The overall mean HER2 positivity rate in this study was 14.4%. When anti-HER2 therapies were initially introduced, studies of HER2 testing were performed in cohorts with metastatic disease or in high-risk patients, and HER2 positivity rates were 20–30%.2, 3, 14, 35 The data presented here are in accordance with the recently published US Surveillance, Epidemiology, and End Results (SEER) registry data, and with data from the UK and Canada that showed HER2 positivity rates of 14.5–15.0% in large patient cohorts.28, 36, 37 Therefore, our study reflects published and realistic expectations of HER2 positivity rates in pathology institutes today.

This study is not without limitations. Data collected were sample-oriented, not patient-oriented. Therefore, there may be multiple samples per patient. As the study achieved target enrollment more quickly than initially anticipated, it is also possible there may have been some documentation bias at centers that grouped samples according to particular criteria. Thus, sensitivity analyses were conducted to minimize any potential bias. Although it might seem that the unexpectedly low overall relative weight of influence attributed to nodal status may have been due to lack of documentation (this being reported only for 34.6% of samples), additional sensitivity analyses demonstrated that assessment of center effects was not significantly influenced by this lack of documentation (Supplementary Material S1). Although sample origin was excluded from the main model as it did not significantly influence HER2 positivity, it is possible that metastatic site may have had an effect on sample origin. As the majority of samples analyzed were collected from primary tumors and, due to the limited information available on metastatic site from the relatively low number of distant metastases, we were unable to consider the impact of metastatic site within our model.
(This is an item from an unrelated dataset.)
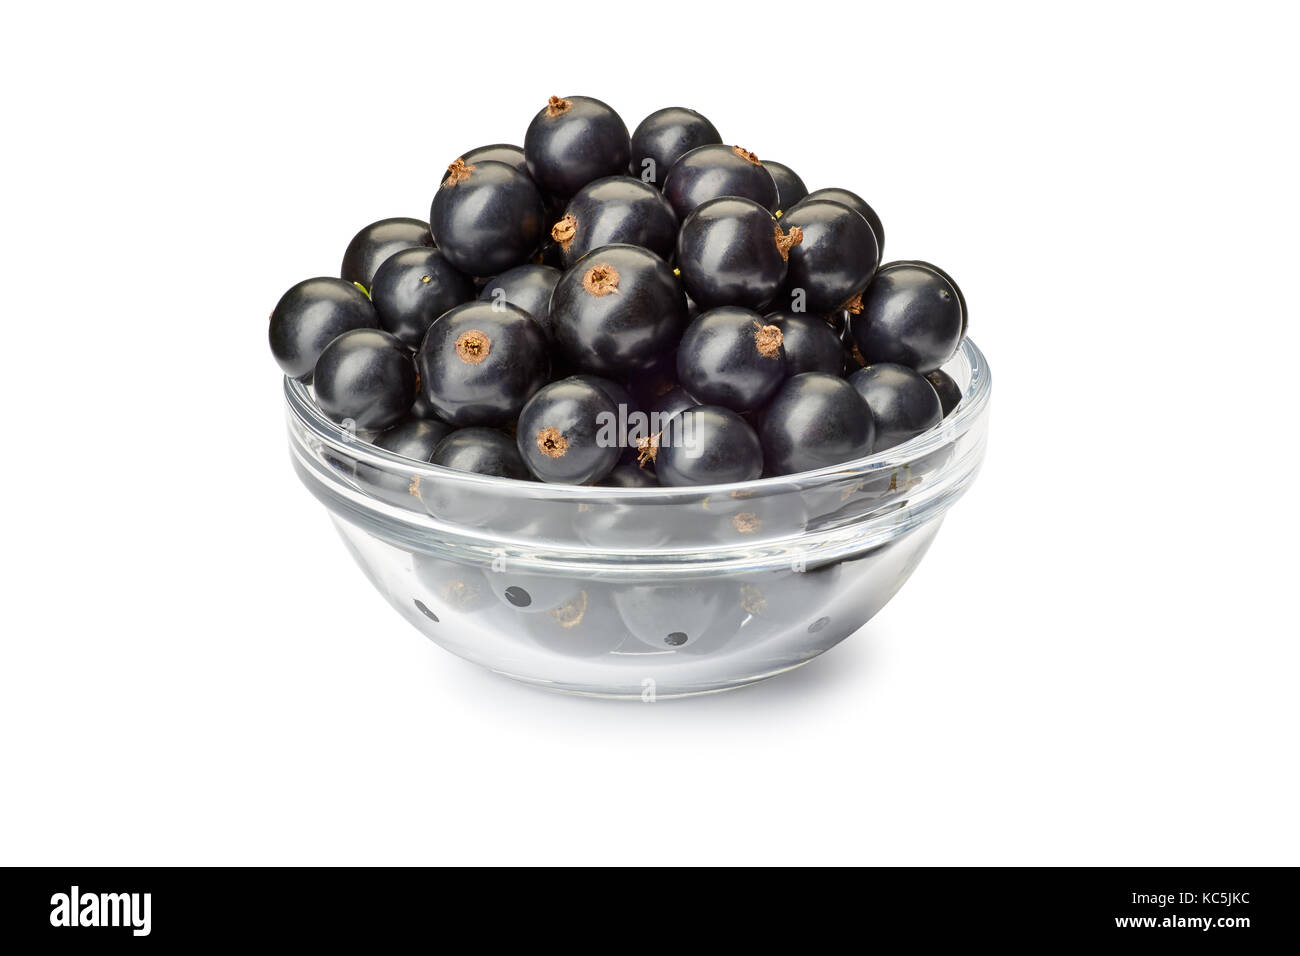 Bowl with black currant berries on white Stock Photo

Despite these limitations, and in contrast to previously reported studies,15, 22, 25 the data collected here were unique as they were provided by 57 centers from routine diagnostics and not from a highly selective clinical study cohort, a single center, or a small grouping of centers. The statistical model developed was novel as it enables prediction of HER2 positivity based on five covariates. It has the potential to indicate whether measured differences in HER2 positivity rates were specifically due to different patient populations, or tended to relate to testing quality issues. Variability in the rate of HER2 positivity has been a cause of discussion and concern and this model-based approach provides centers with the means to account for differences. Most importantly, this is the first time that a statistical modeling approach has been used to assess variability in HER2 positivity rates and, although validation is required, it has the potential to highlight center effects. A table providing predicted positivity rates for a comprehensive set of 2000 combinations of covariate factor levels has been generated (Supplementary Table S5).

To ensure high-quality HER2 testing in breast cancer, centers with identified center effects should take further steps to examine the underlying reasons. Testing variation can occur during the preanalytic, analytic, and postanalytic stages as a result of factors such as fixation, antigen retrieval, reagent used, antibodies used, immunohistochemical protocol, and interpretation of results.28 Participation in proficiency testing and collaboration with a reference laboratory might help centers recognize variability in their own procedures.

In conclusion, this study is the first of its kind, reporting on the multifactorial parameters from the patient population and tumor characteristics that may impact routine HER2 positivity rates. The results highlight that routine assessment of HER2 testing quality based on the HER2 positivity rate should include patient- and tumor-related characteristics, assessed in a standardized fashion, to identify institutes with potential HER2 testing quality issues more effectively.